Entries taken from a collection
# # # # # # #
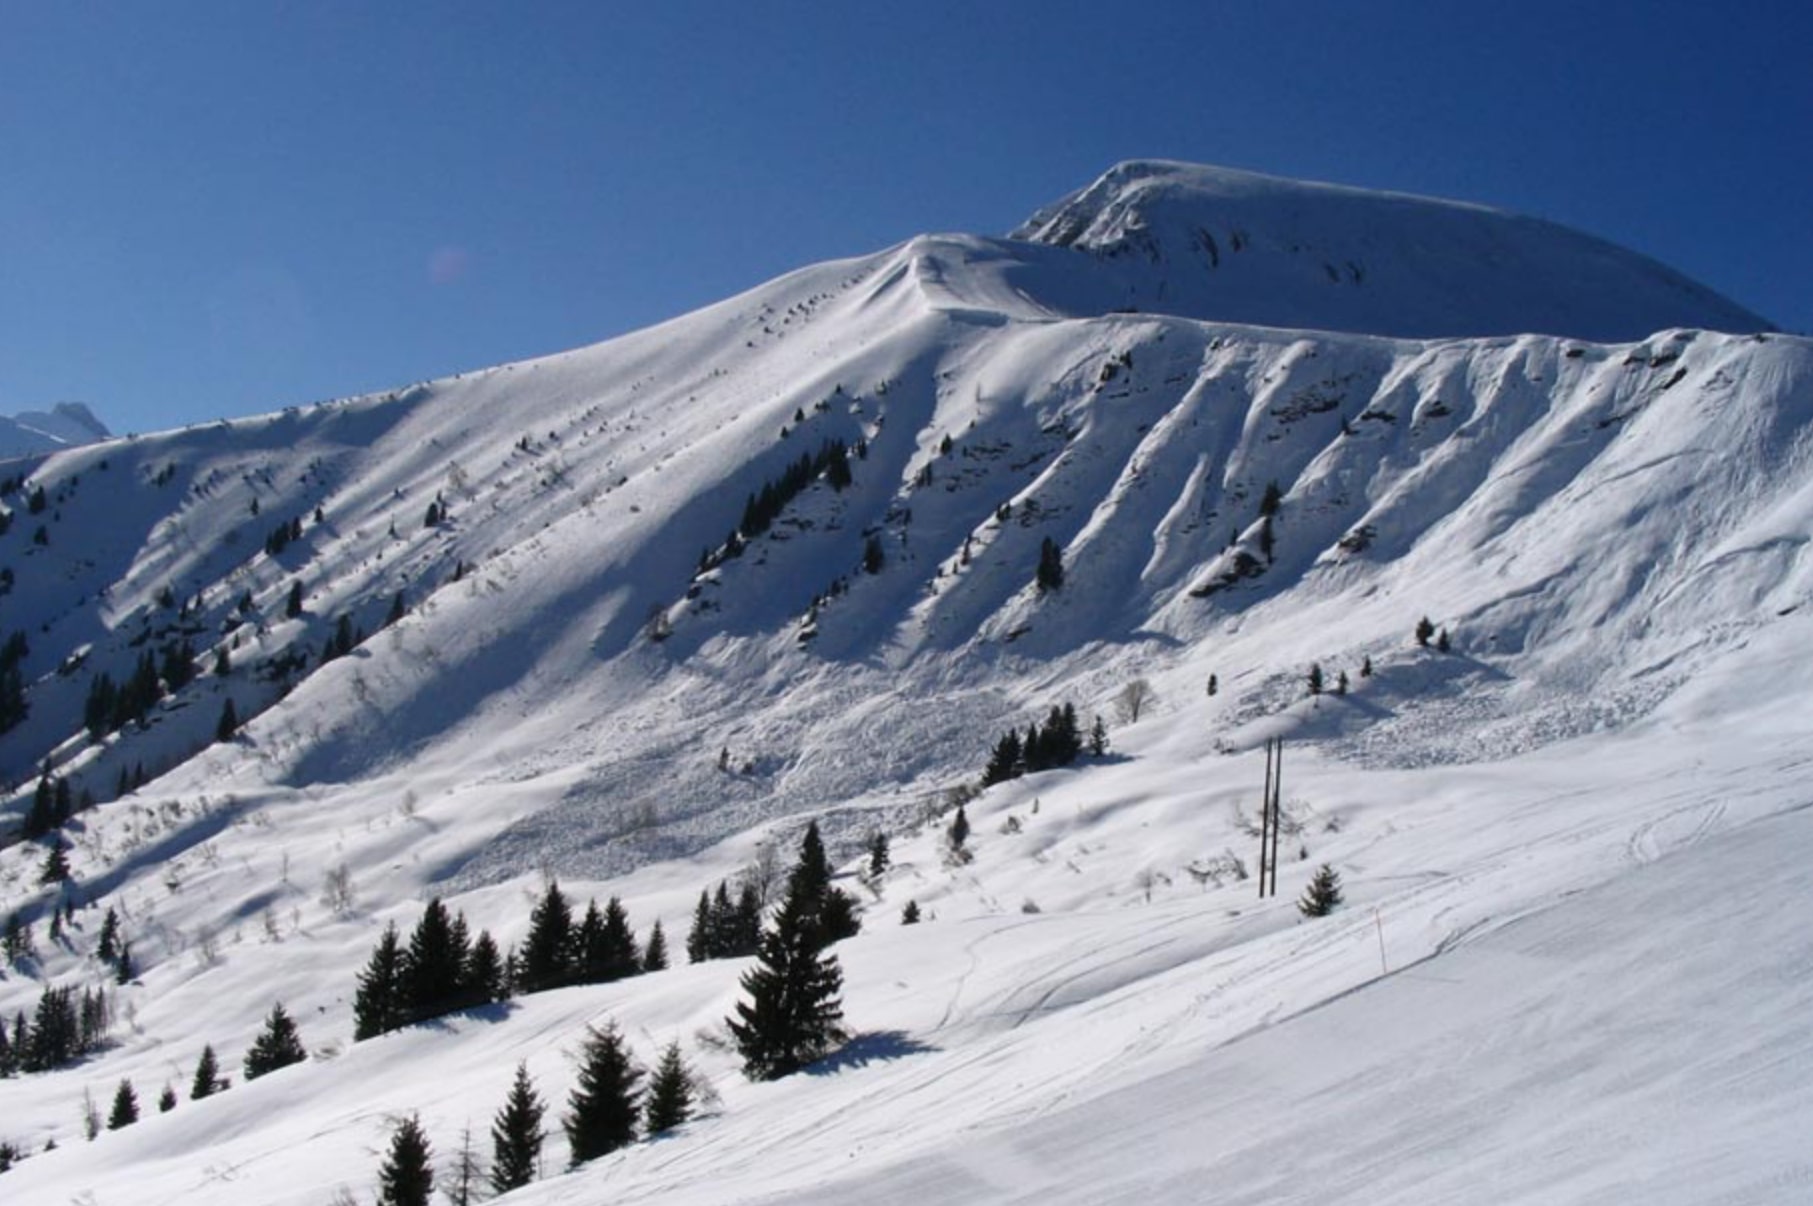 Britská matka a její syn byli zabiti ve francouzské lavině při lyžování s lyžařským instruktorem
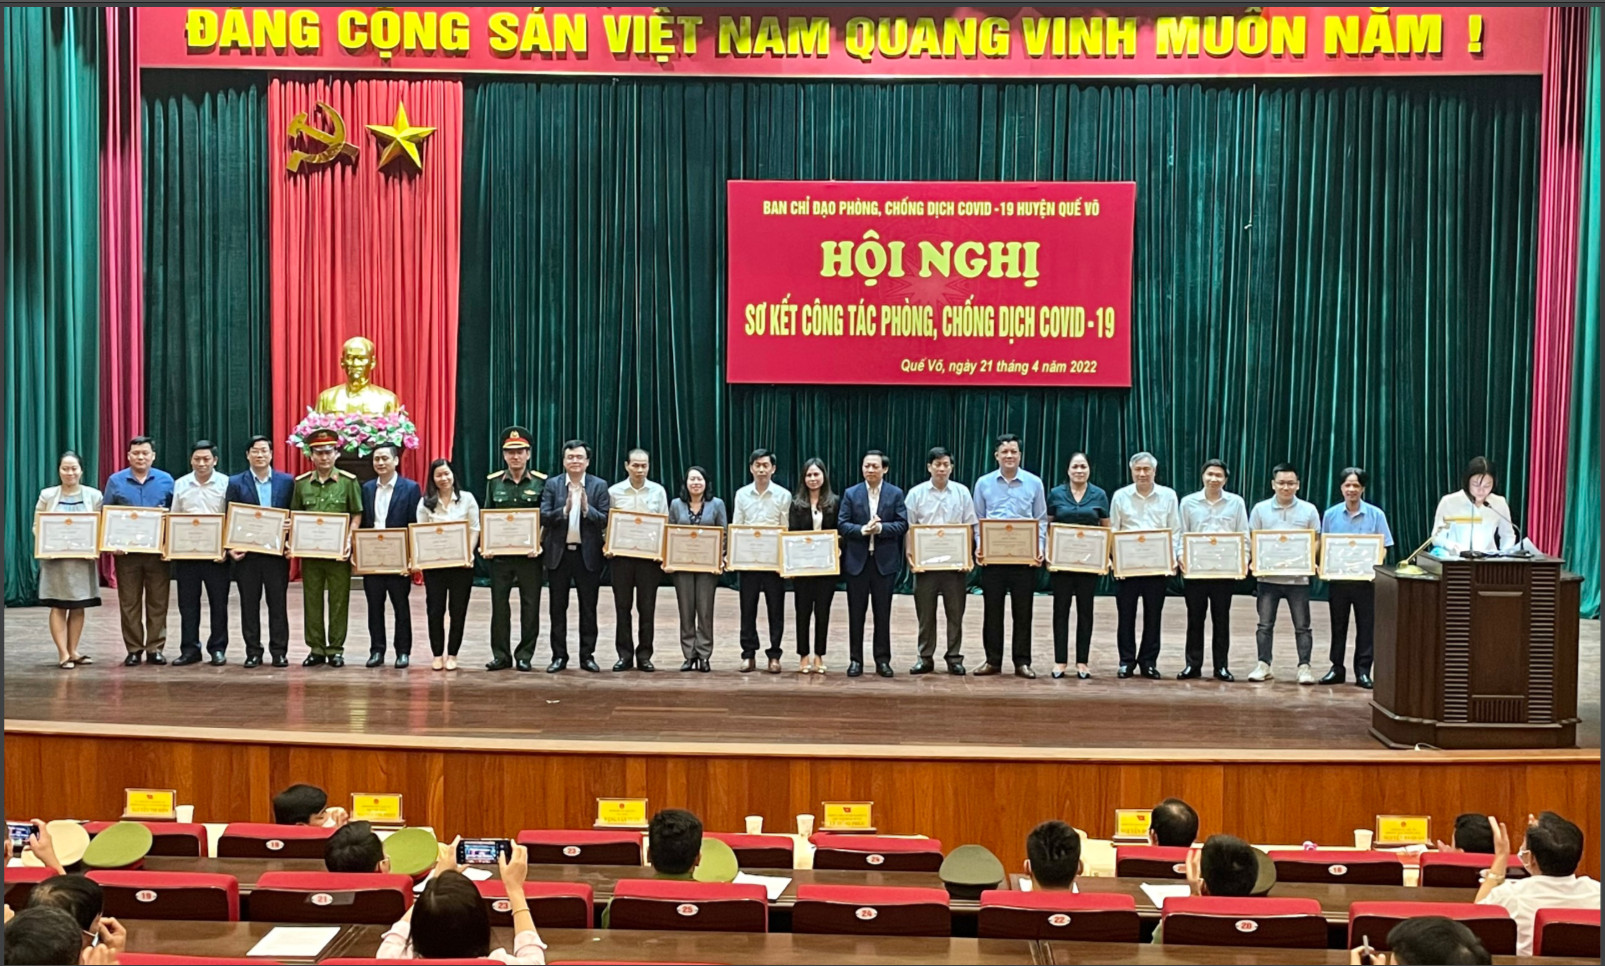 Hội nghị sơ kết công tác phòng, chống dịch Covid-19 trên địa bàn huyện Quế Võ
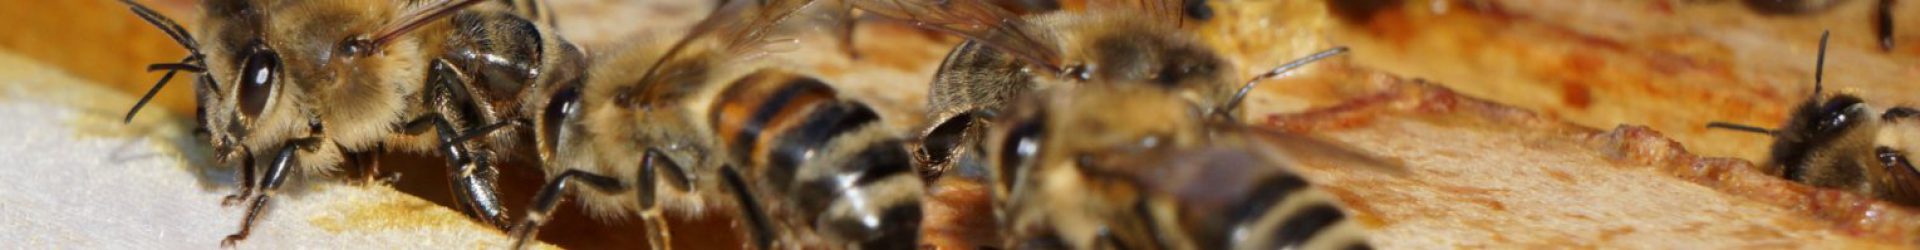 Impressionen beim Bienenvölker-Check
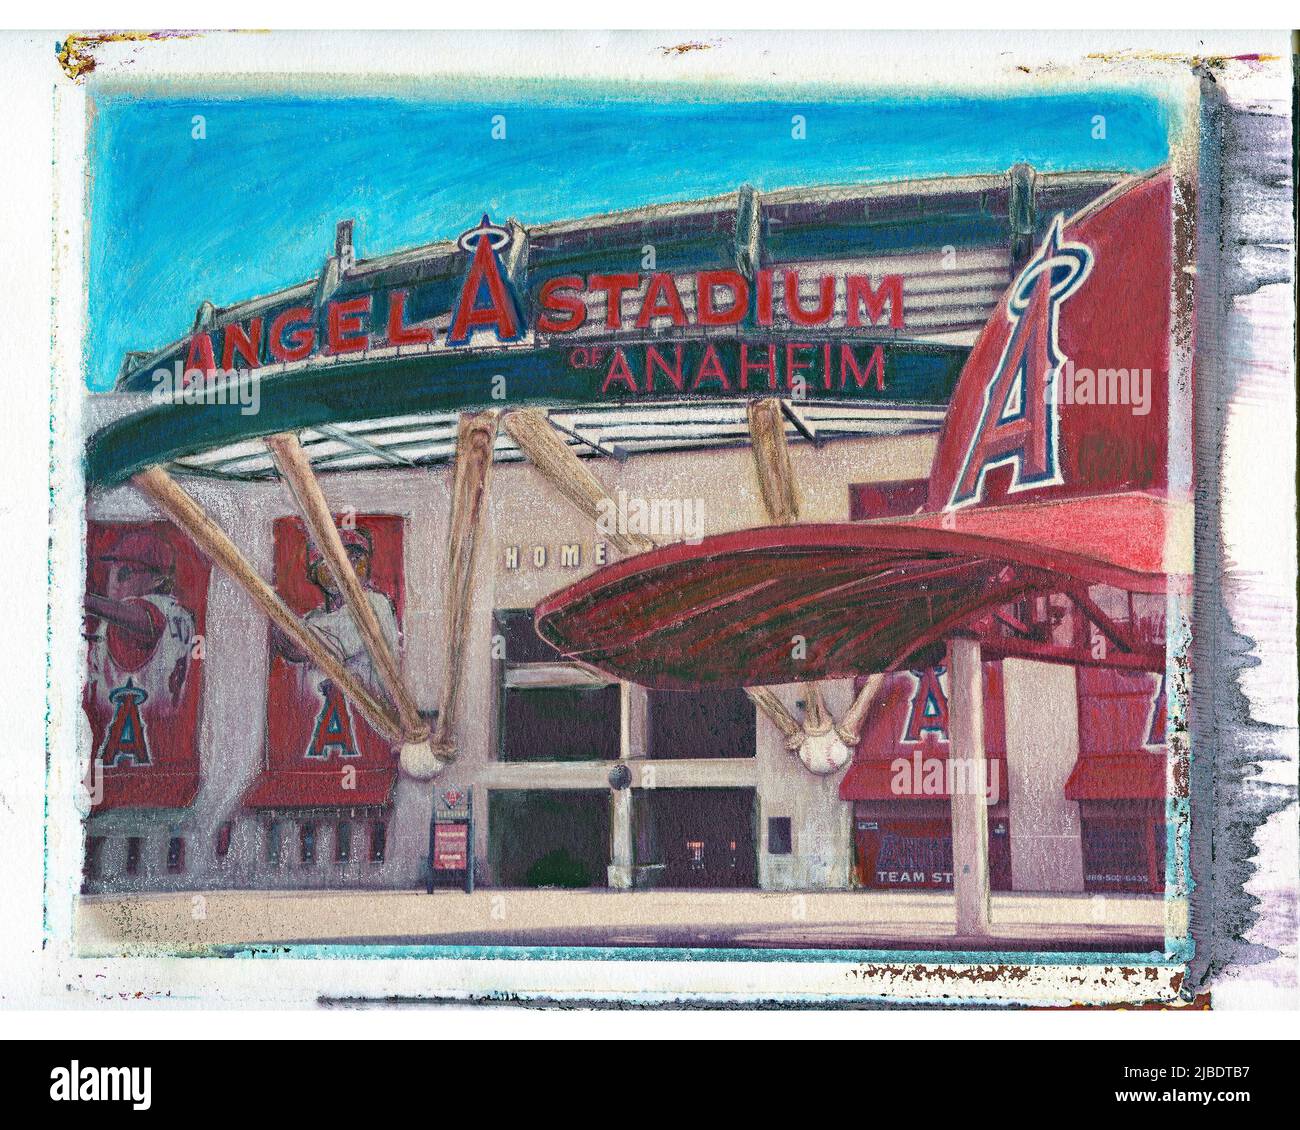 MLB Anaheim Angels Stadium Stock Photo
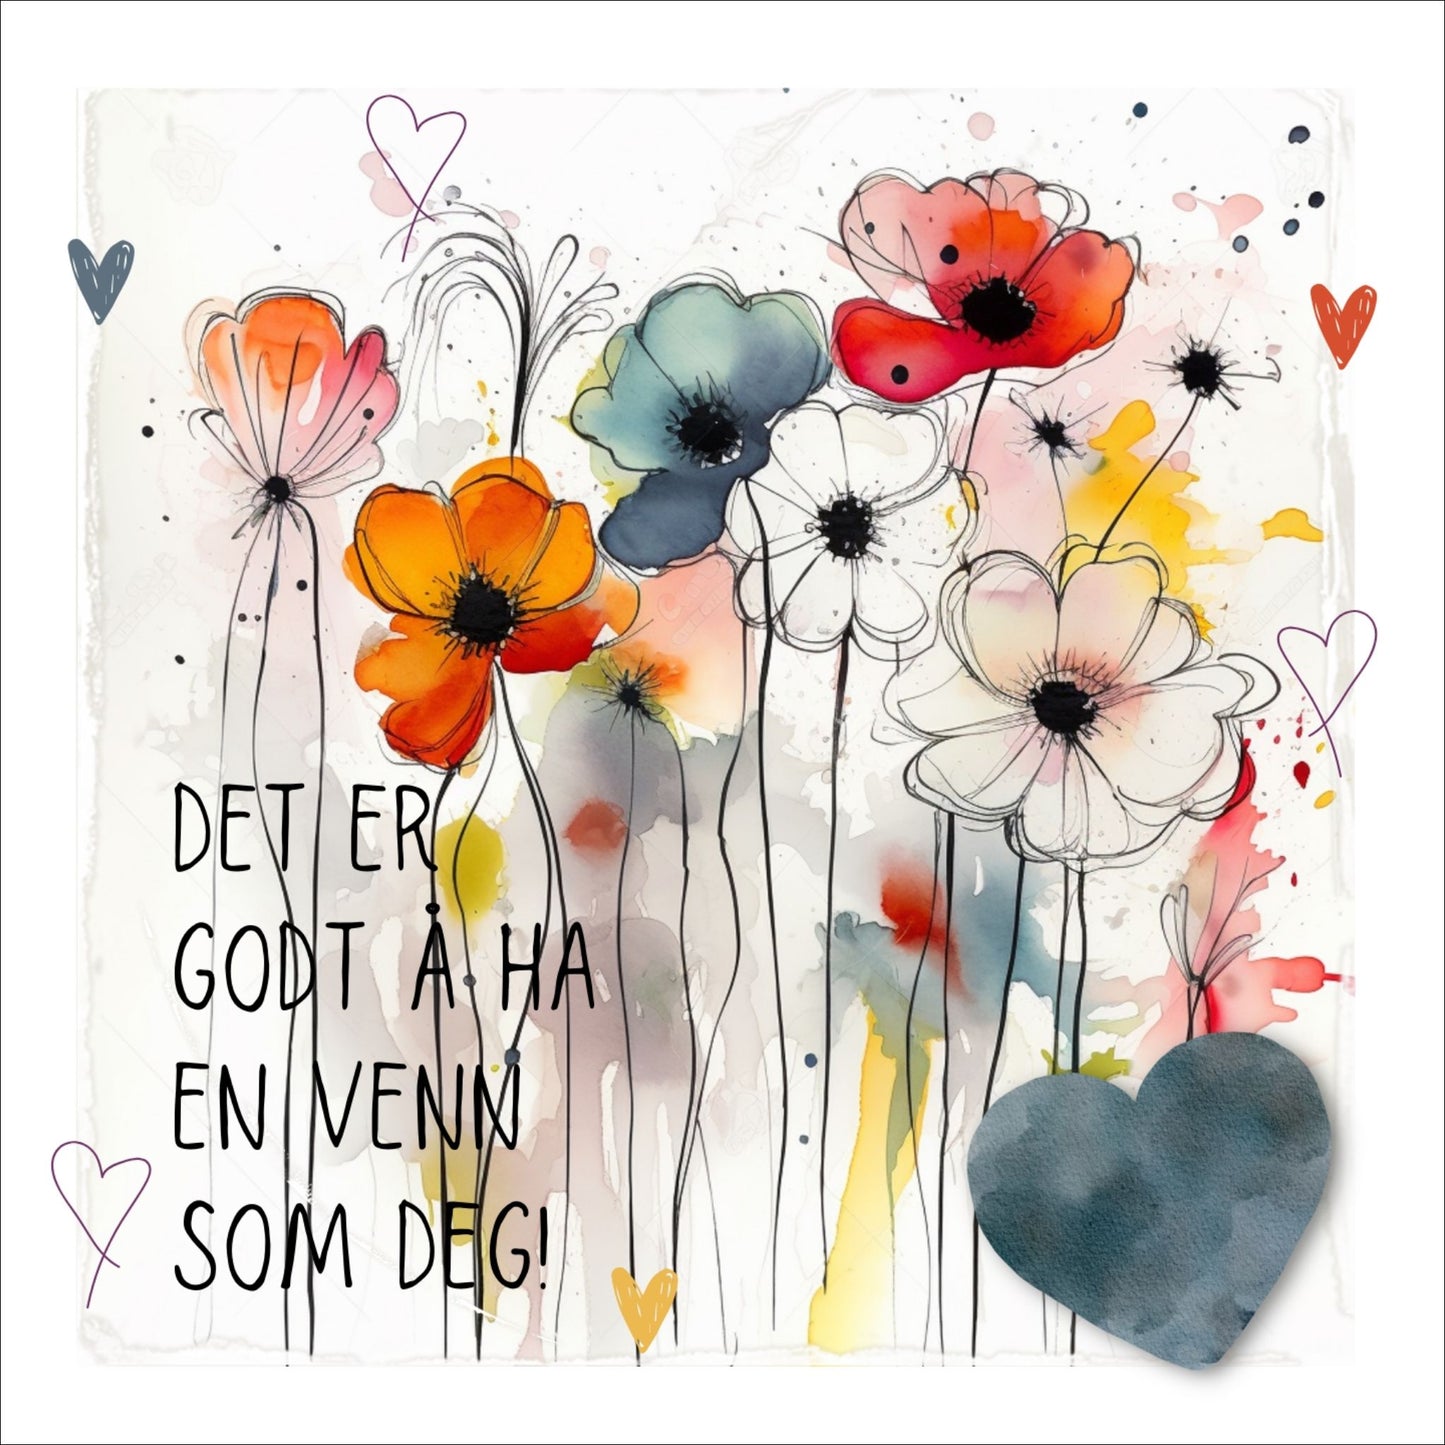 Plakat med lysegult hjerte og tekst "Det er godt å ha en venn som deg" - og et motiv med blomster i gul, rød, hvit, blå og oransje. Med hvit kant på 1,5 cm.
# # # # # # #
* _INSTRUCTIONS FOR THE TASK_:
With the pictures left out, output the lines from the one containing "Hội nghị sơ" through the last line of the records above, exactly as they are.

* _ANSWER FOR THE TASK_:
 Hội nghị sơ kết công tác phòng, chống dịch Covid-19 trên địa bàn huyện Quế Võ
 Impressionen beim Bienenvölker-Check
 MLB Anaheim Angels Stadium Stock Photo
 Plakat med lysegult hjerte og tekst "Det er godt å ha en venn som deg" - og et motiv med blomster i gul, rød, hvit, blå og oransje. Med hvit kant på 1,5 cm.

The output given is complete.